--- Stored data ---
◇ ◇ ◇ ◇ ◇
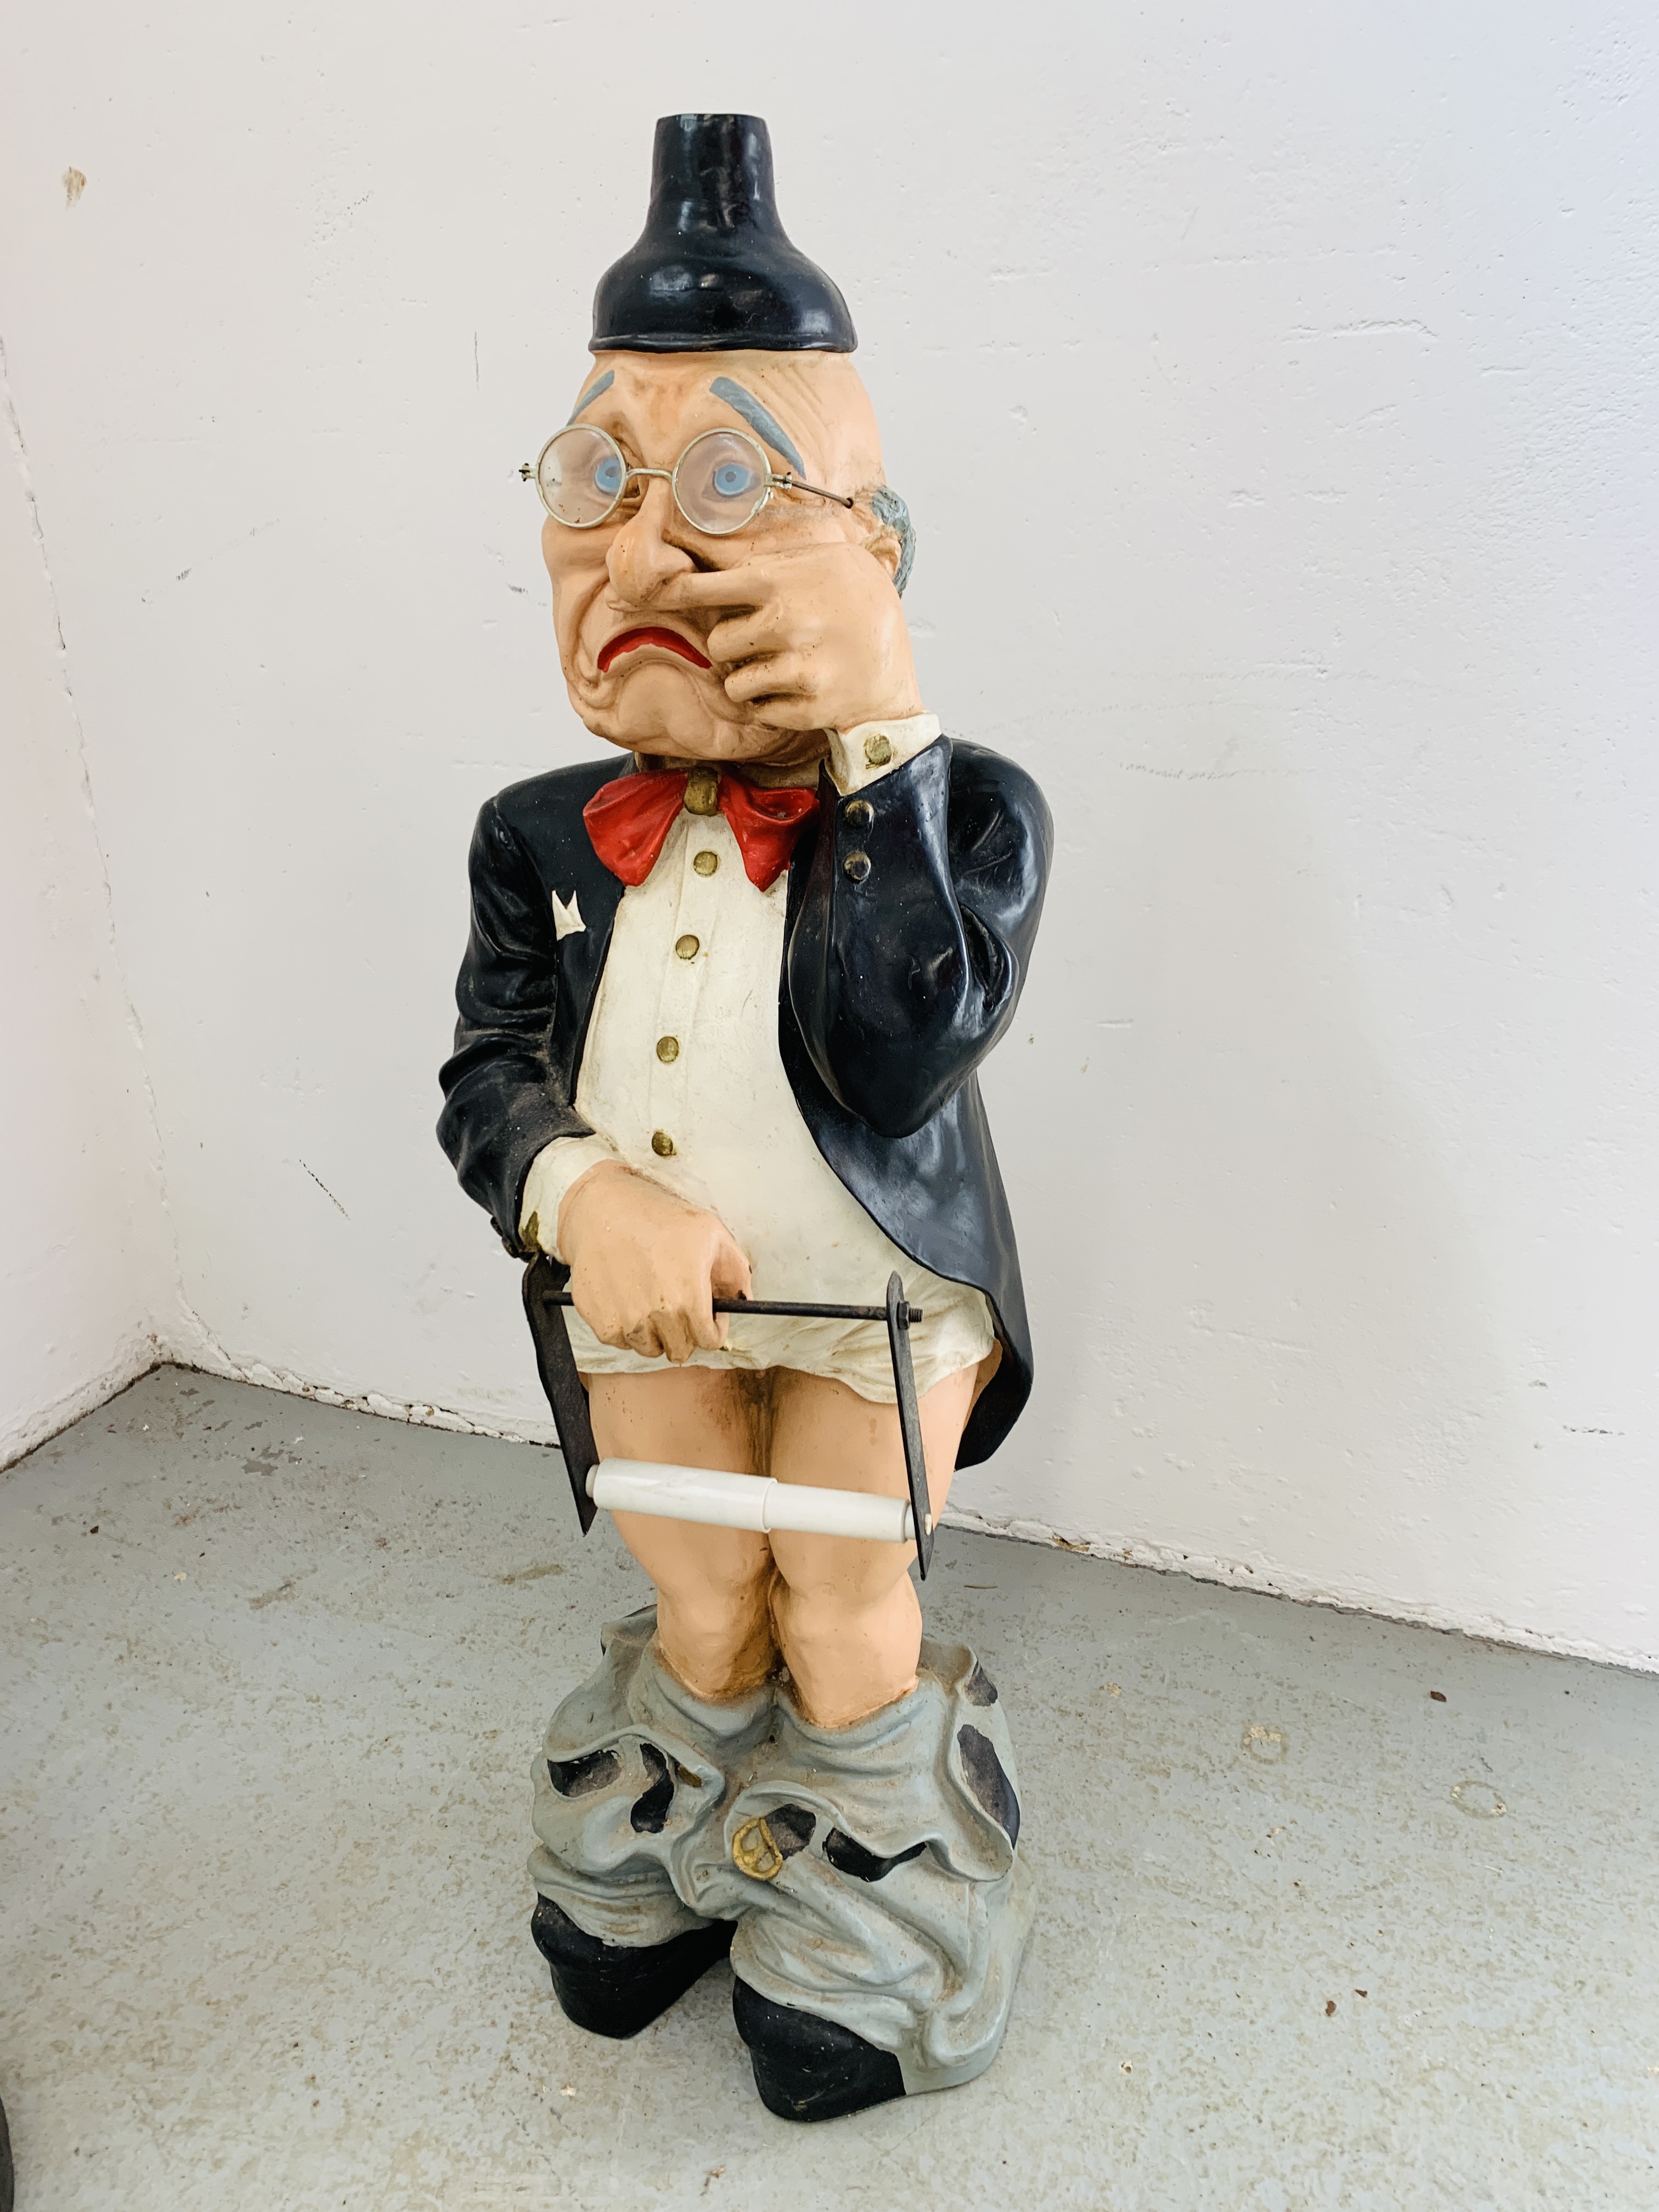 TWO NOVELTY RESIN TOILET ROLL HOLDING FIGURES "STAN LAUREL" AND WAITER HEIGHT 80CM. - Image 2 of 11
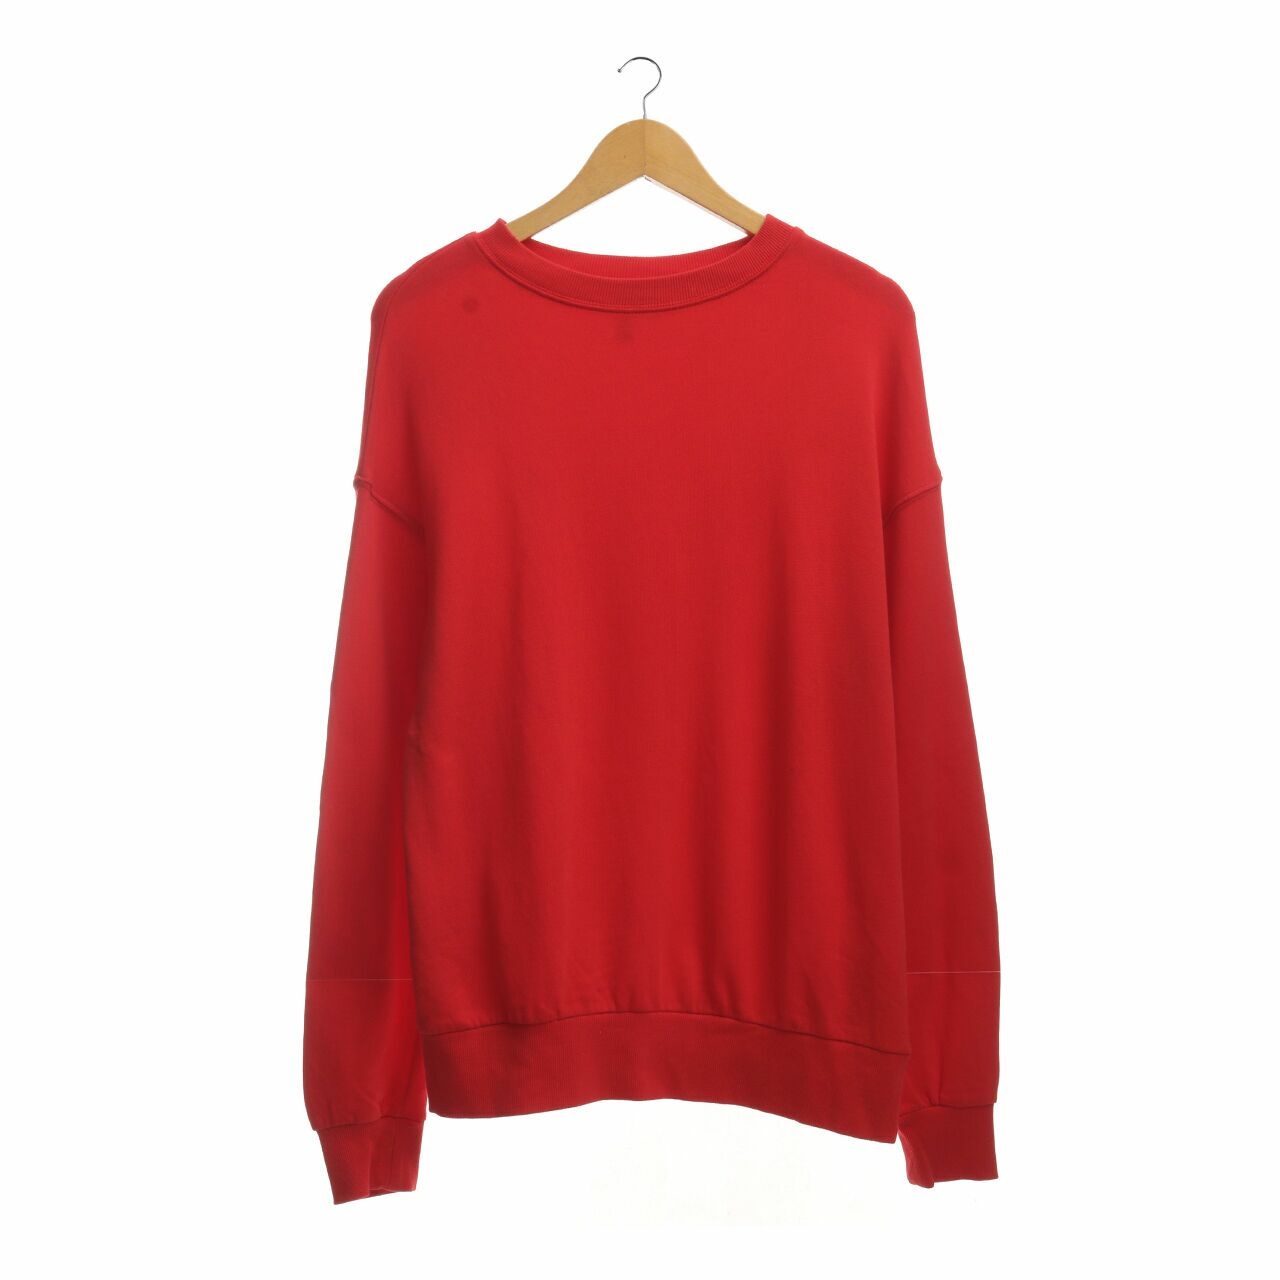 H&M Red Sweater
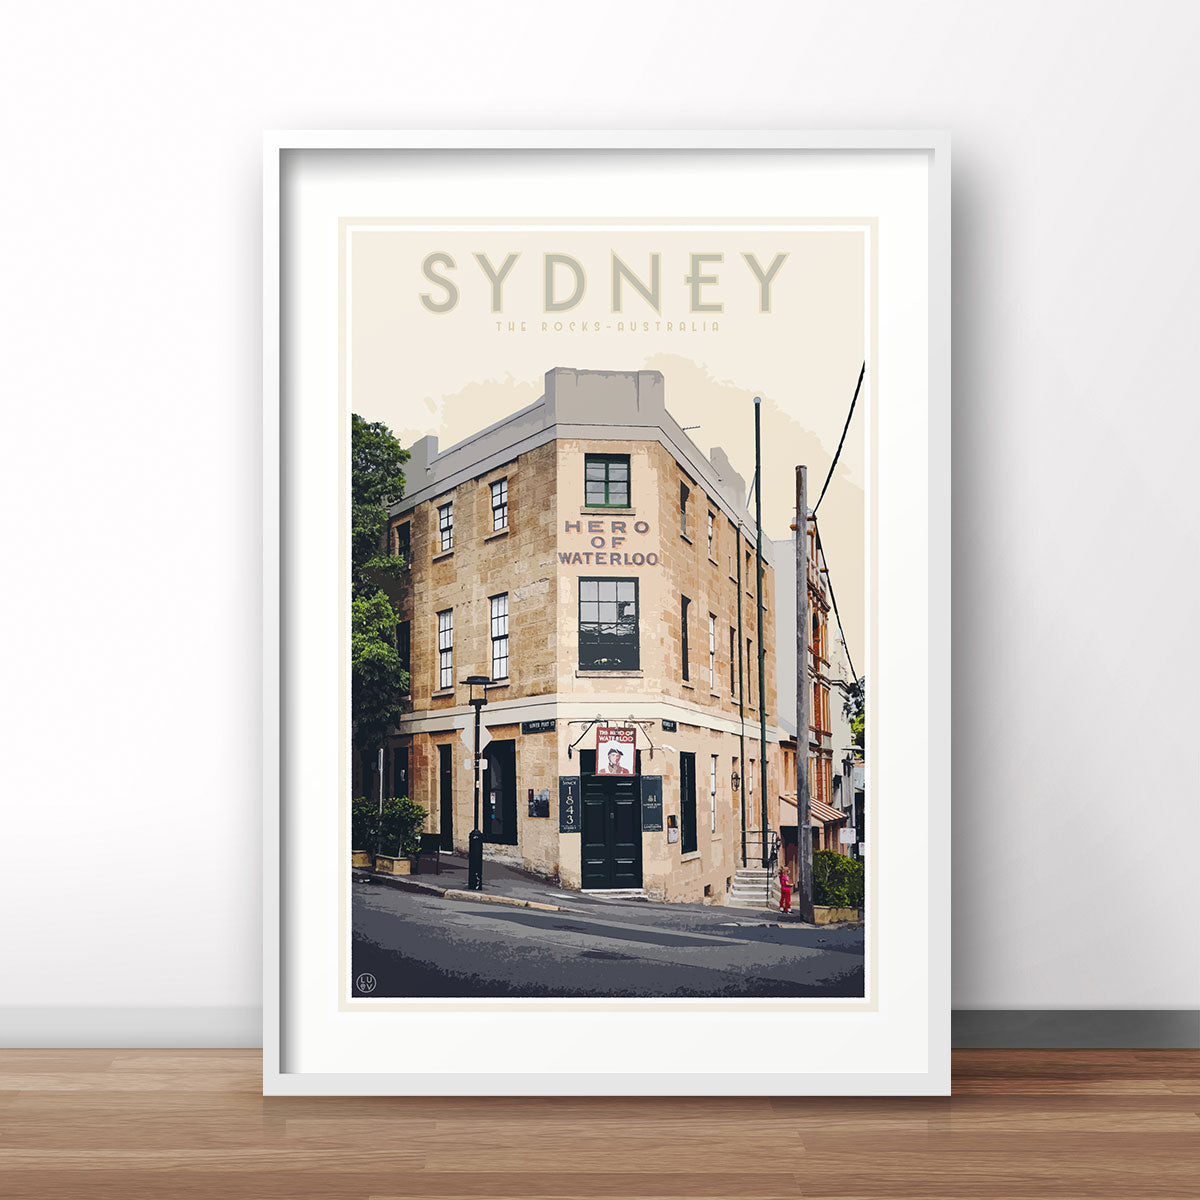 Sydney the rocks vintage retro poster print from Places We Luv
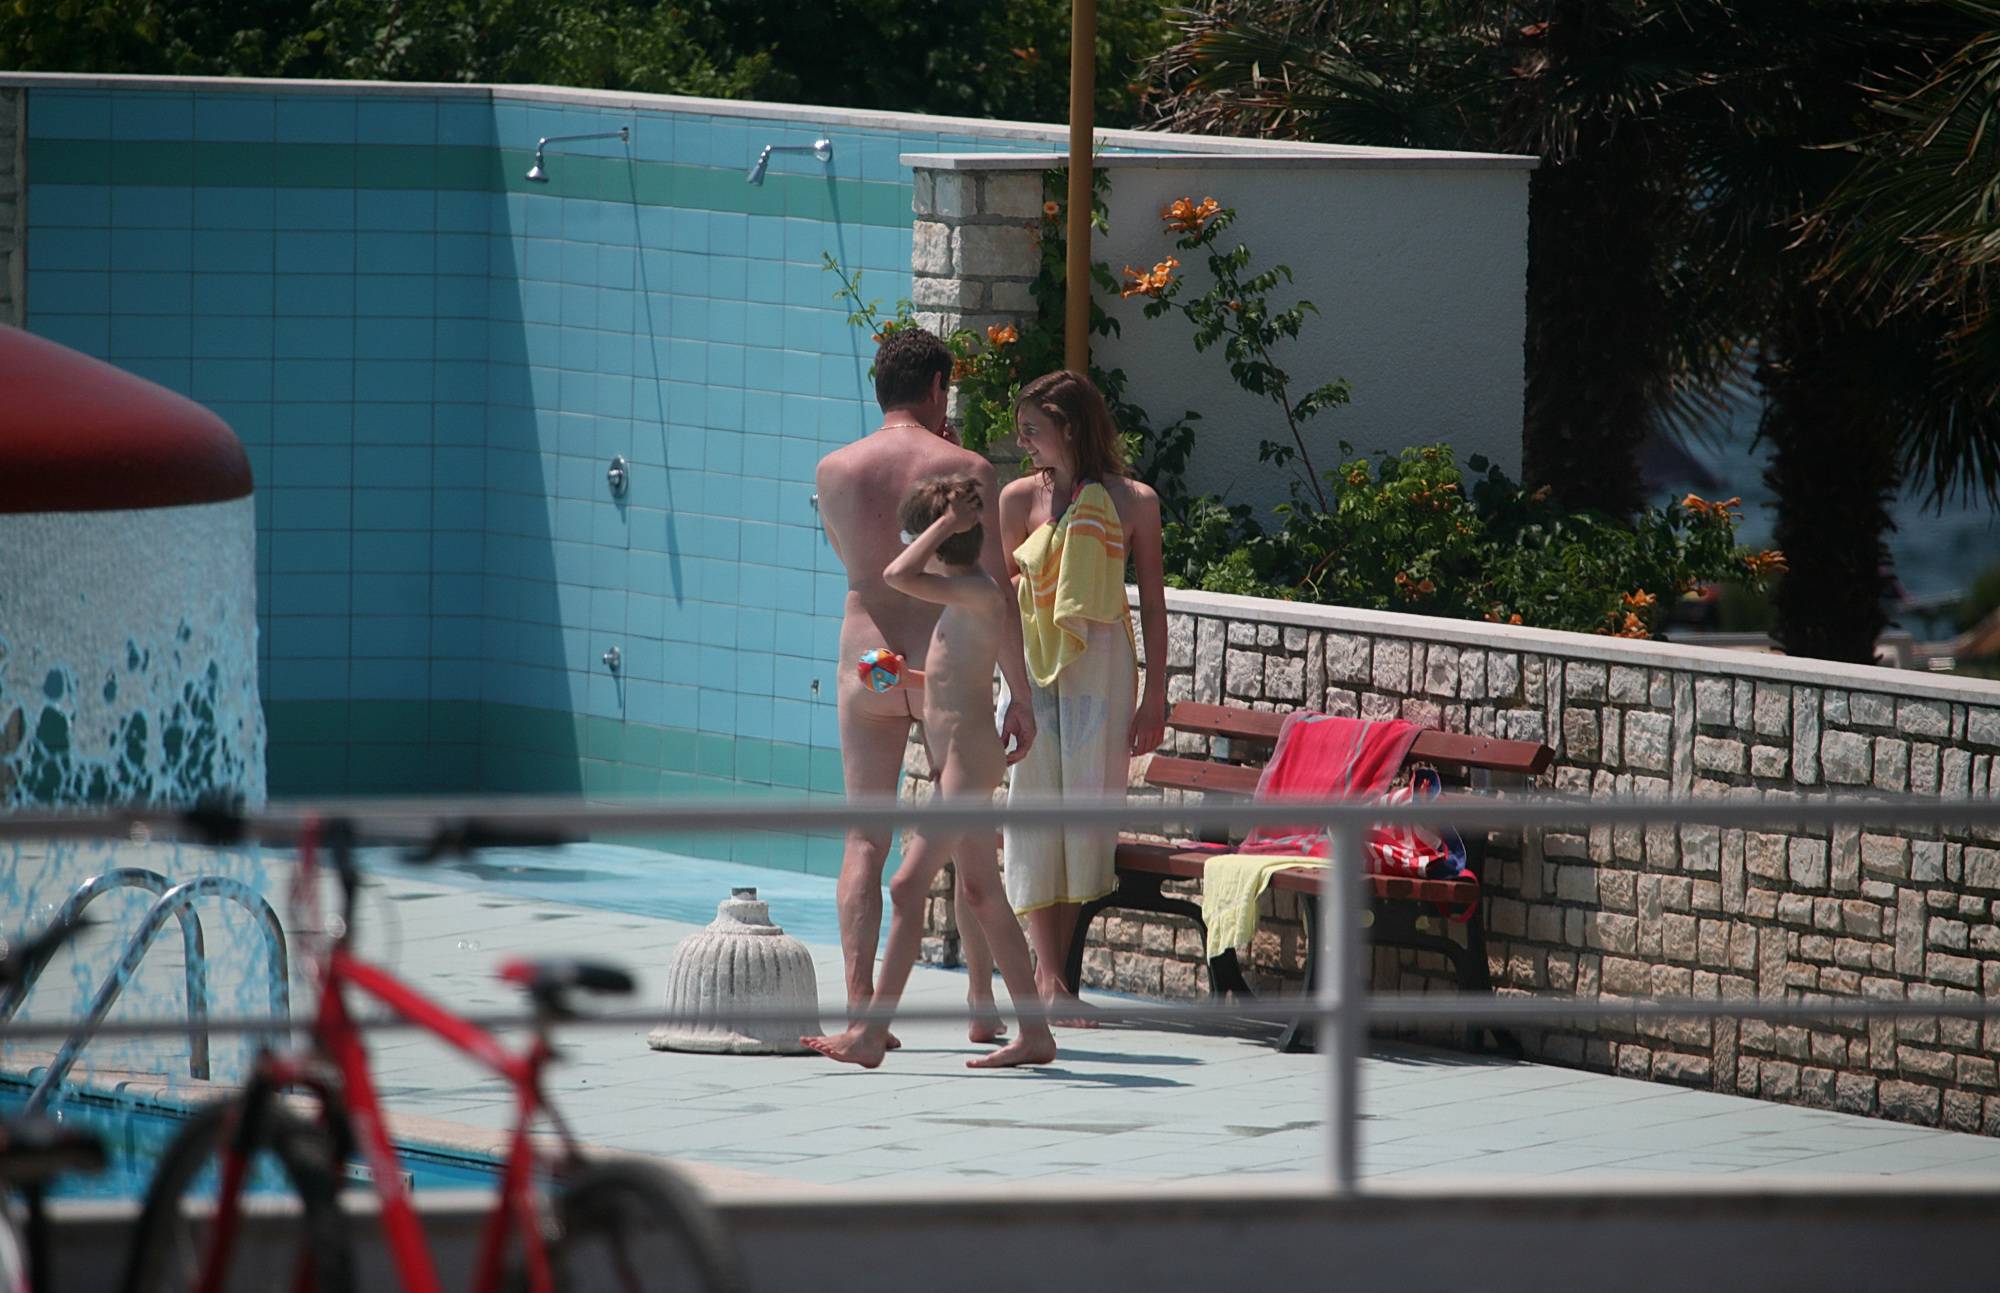 Pure Nudism Pics-Poolside Family Walkers - 4
◇ ◇ ◇ ◇ ◇
Could you give the material above again, exactly and without its pictures?

 TWO NOVELTY RESIN TOILET ROLL HOLDING FIGURES "STAN LAUREL" AND WAITER HEIGHT 80CM. - Image 2 of 11
 H&M Red Sweater
 Sydney the rocks vintage retro poster print from Places We Luv
 Pure Nudism Pics-Poolside Family Walkers - 4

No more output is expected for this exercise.